Taken from The New Scientist, 30 July 2005

Arsenic poisoning may have contributed to the madness of Britain's King George III. During his last illness, his son George, the Prince Regent, ruled in his stead.

George III suffered five major bouts of mental derangement during which he was bound in a straitjacket and chained to a chair to control his ravings. Scientists agree that his behaviour was caused by porphyria, a genetic defect that leads to faulty protein synthesis in the body and accounts for the king's physical and psychiatric symptoms. But despite years of speculation, nobody could explain conclusively why his attacks were so severe and lasted for so long, until now.

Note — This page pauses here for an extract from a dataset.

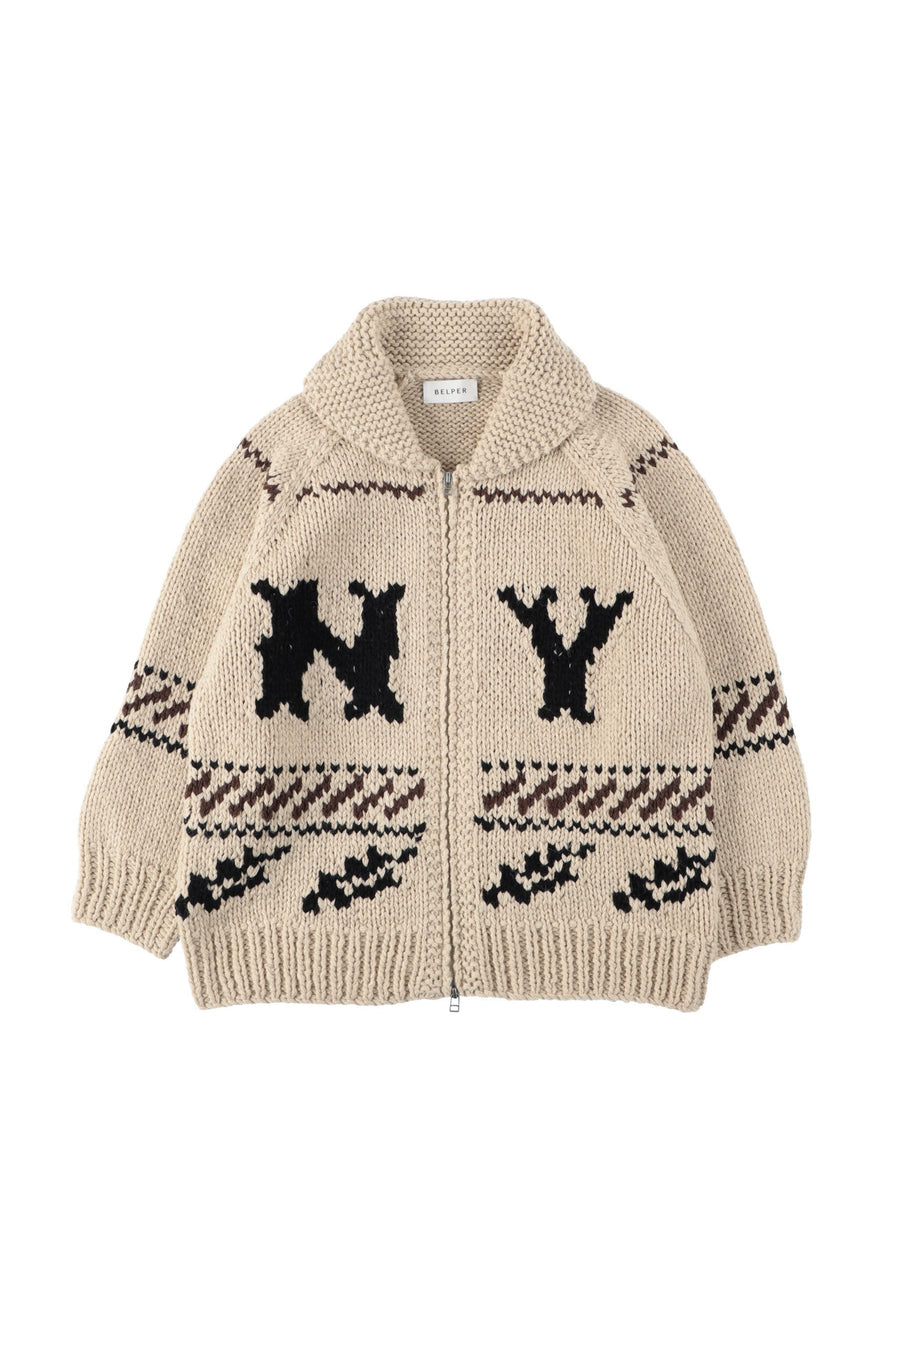 WIND AND SEA Cowichan Knit Outet BEIGE L - ニット/セーター

Researchers analysed strands of the king's hair looking for signs of lead or mercury exposure that could have explained his symptoms. Instead, they were surprised to find high concentrations of arsenic, which could have come from his medication (The Lancet, vol 366, p 332). "The level was a thousand times as high as in our control samples and 17 times as high as the amount associated with arsenic poisoning," says Martin Warren at the University of Kent, UK.

Warren and his colleagues searched through the king's medical notes and found that he was given a compound called emetic tartar to alleviate the severe stomach cramps associated with porphyria. "These drugs, which were supposed to make him feel better, were probably contaminated with arsenic," says Warren. "They only exacerbated his illness."